= DATA IN THIS EXERCISE =
- Opening Delimiter -

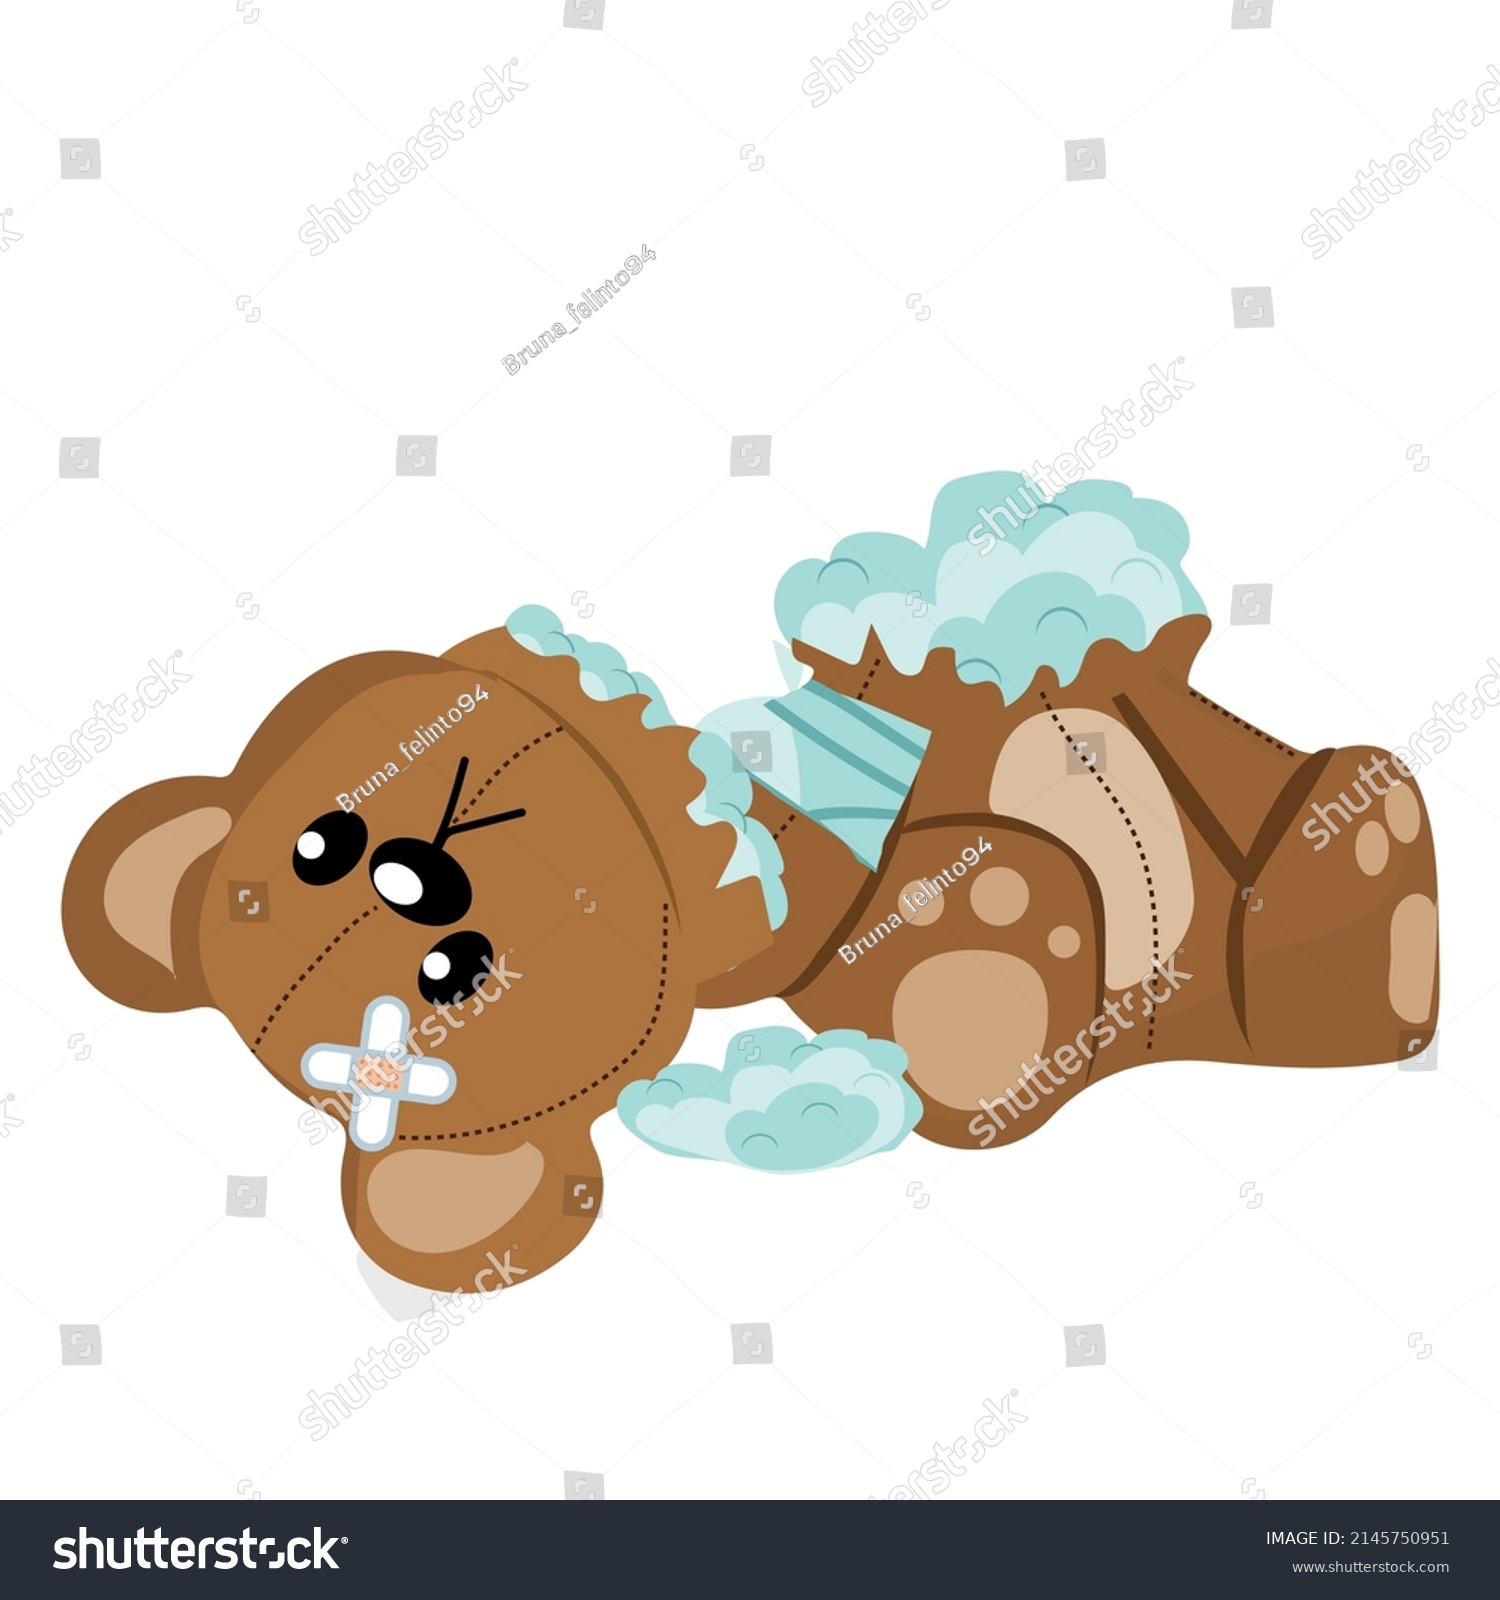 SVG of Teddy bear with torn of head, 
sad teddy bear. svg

- Closing Delimiter -
- Opening Delimiter -

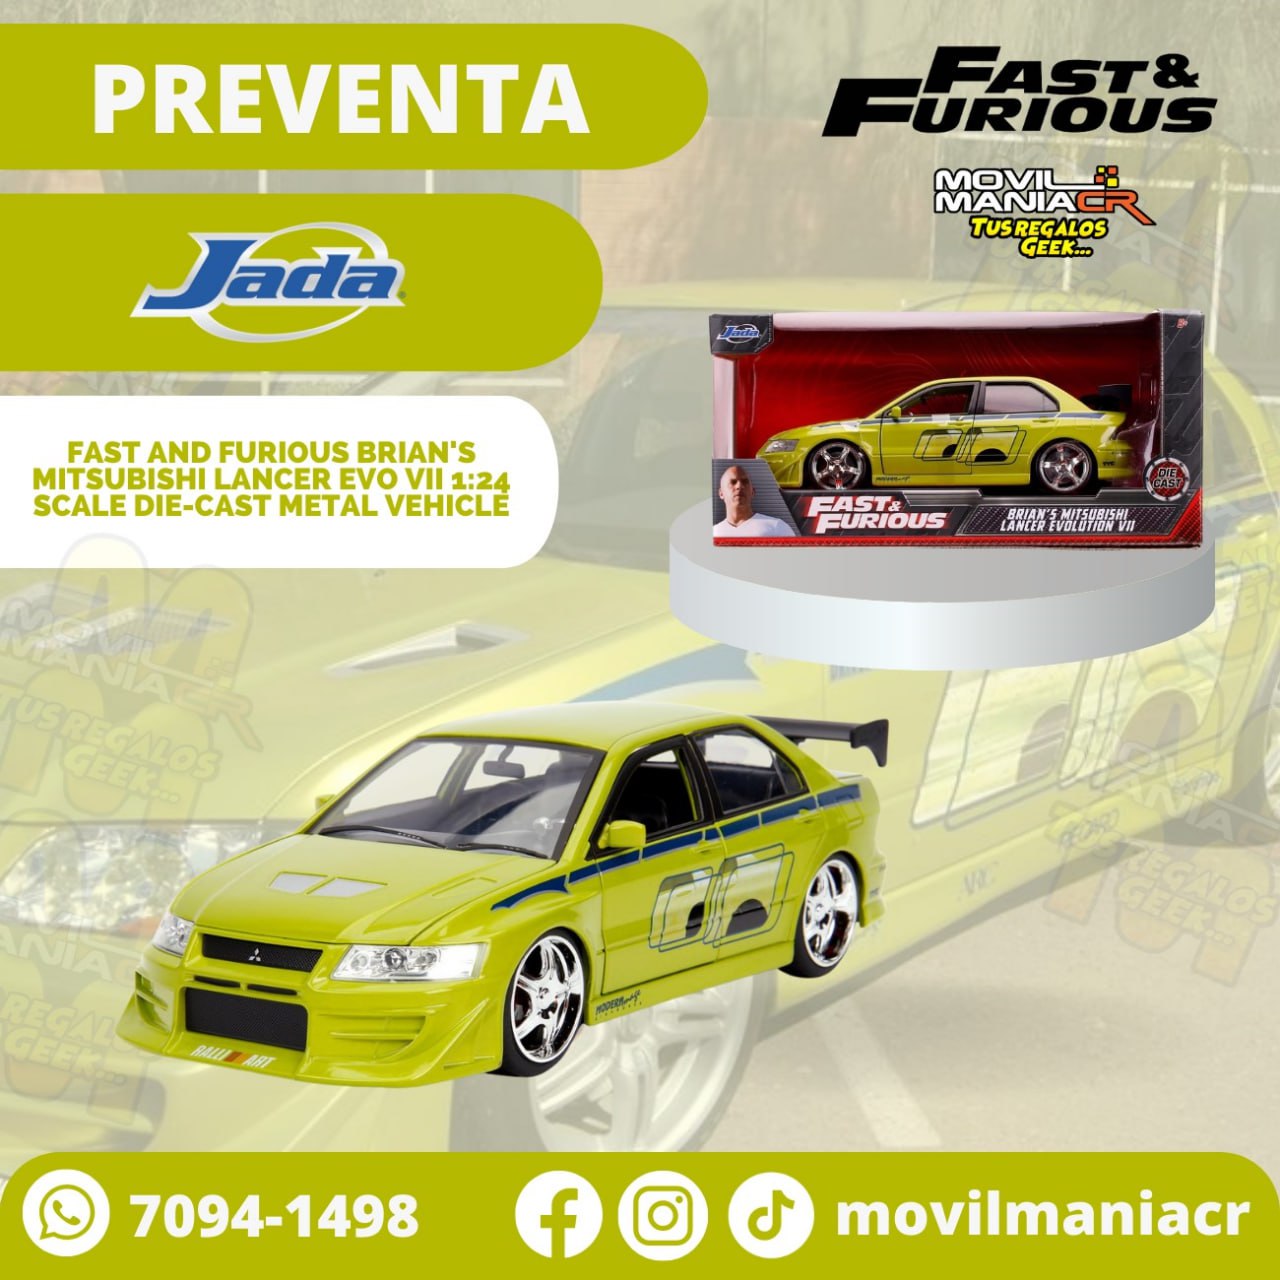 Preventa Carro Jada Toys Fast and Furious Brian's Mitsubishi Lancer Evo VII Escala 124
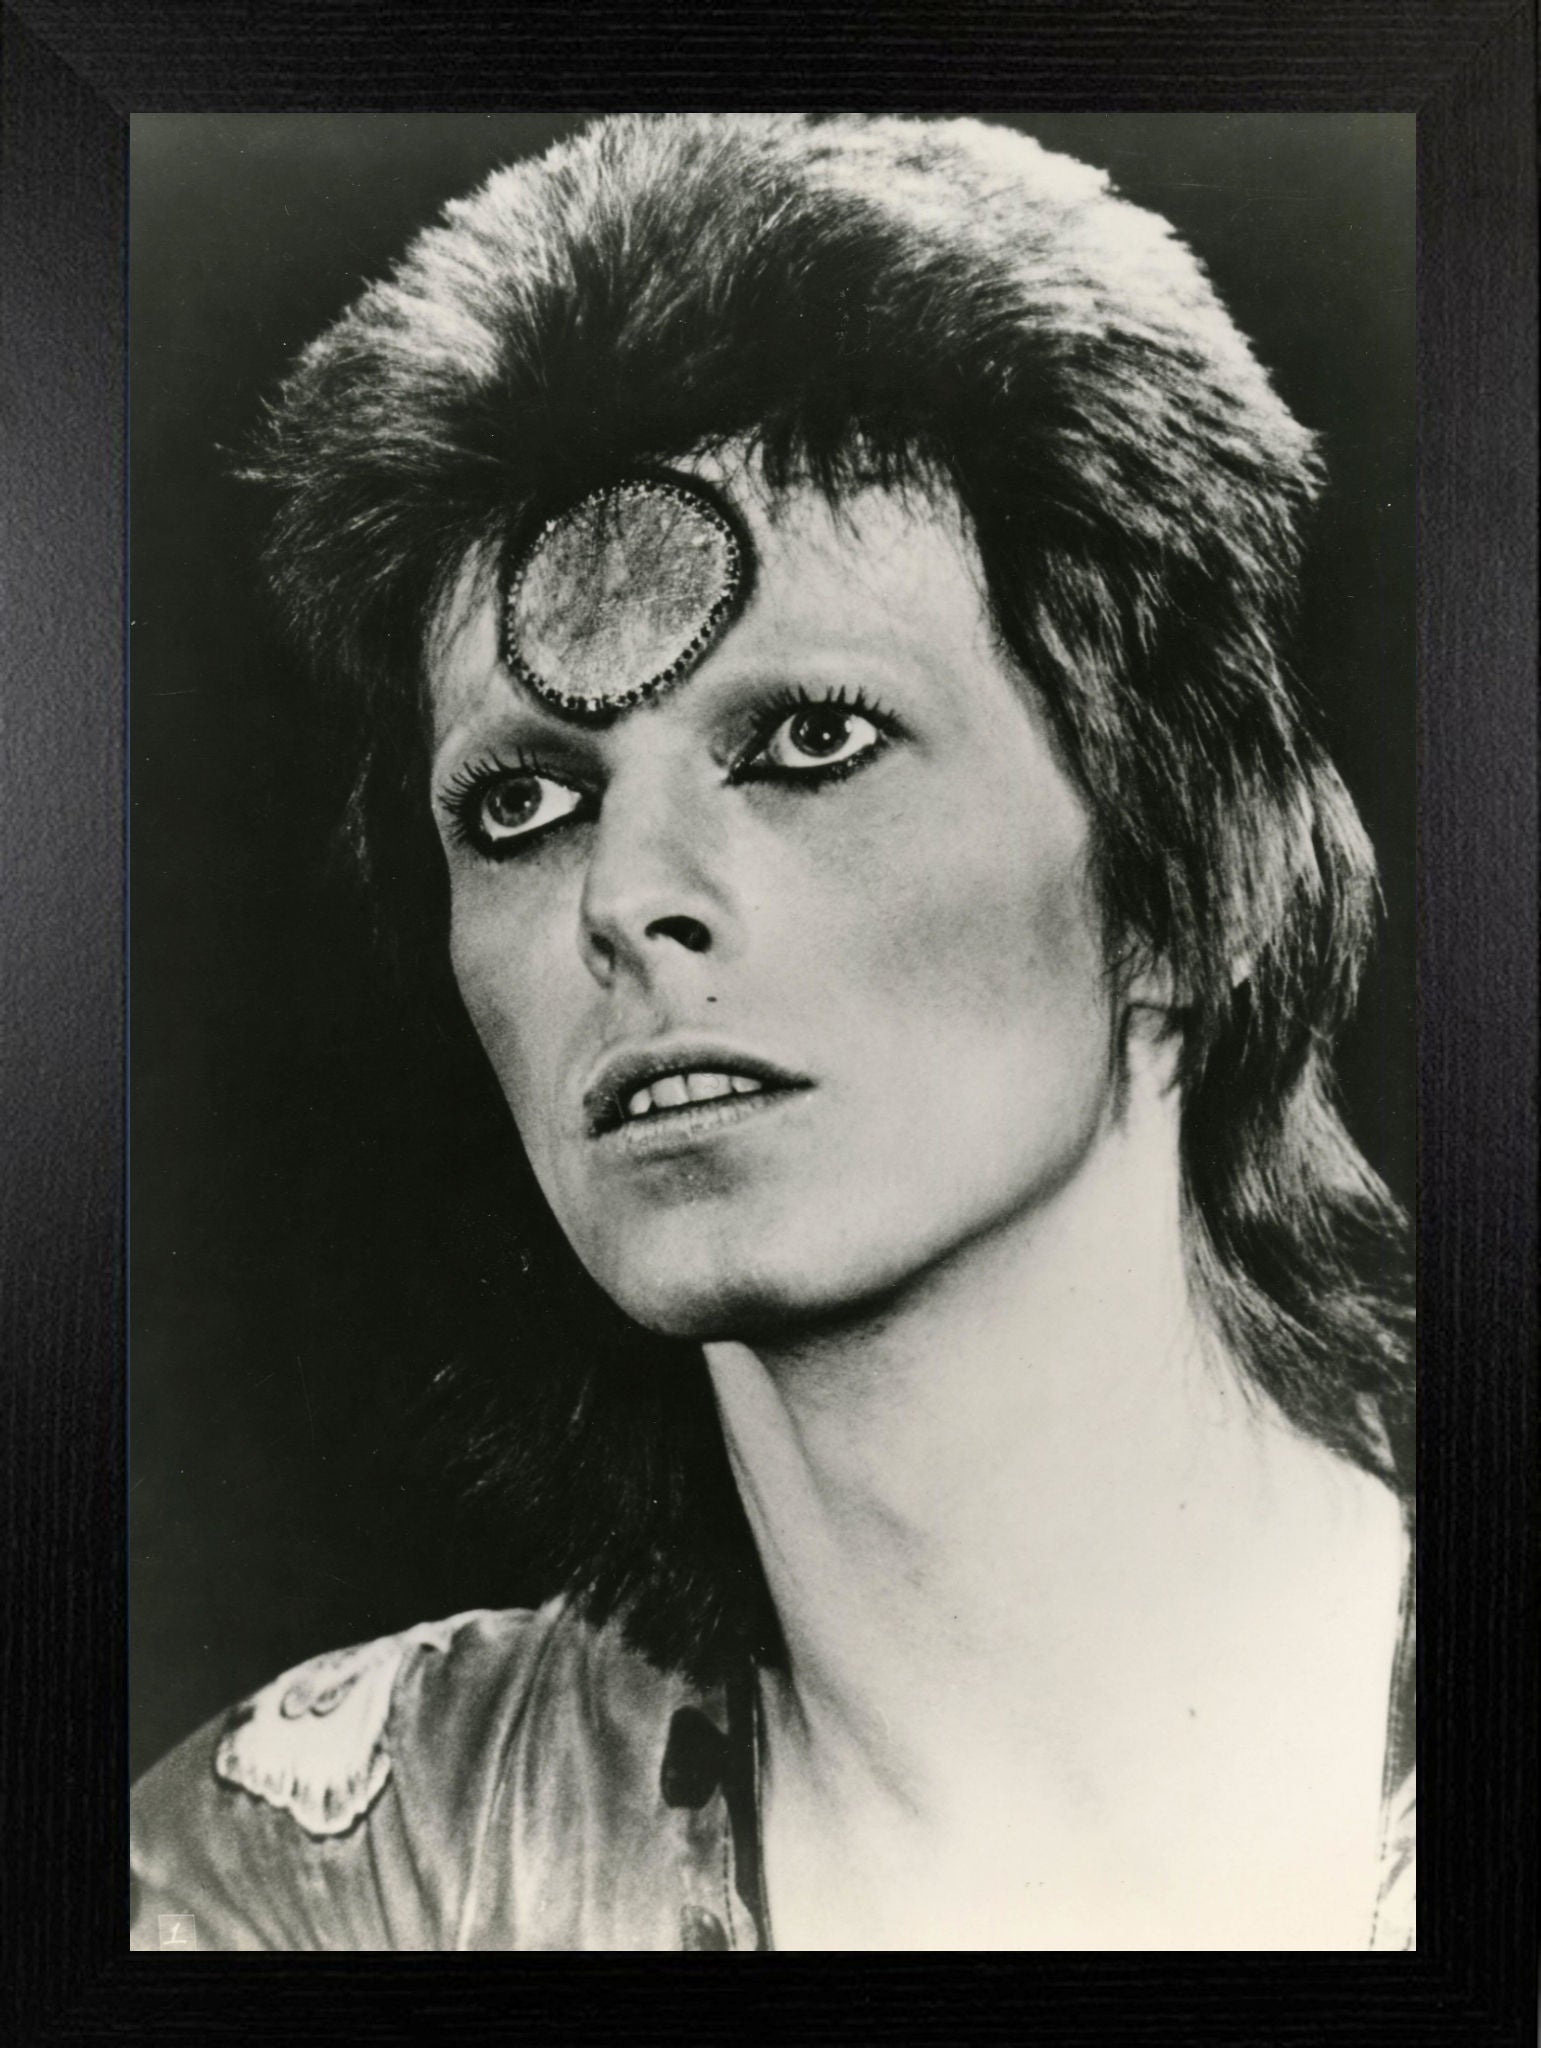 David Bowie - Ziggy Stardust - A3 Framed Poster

- Closing Delimiter -

= AIM OF THE EXERCISE =
Reproduce the lines above starting at the one with "SVG of Teddy" and ending at the one with "sad teddy bear. svg", both included, exactly and with no pictures.

= OUTPUT OF THE EXERCISE =
 SVG of Teddy bear with torn of head, 
sad teddy bear. svg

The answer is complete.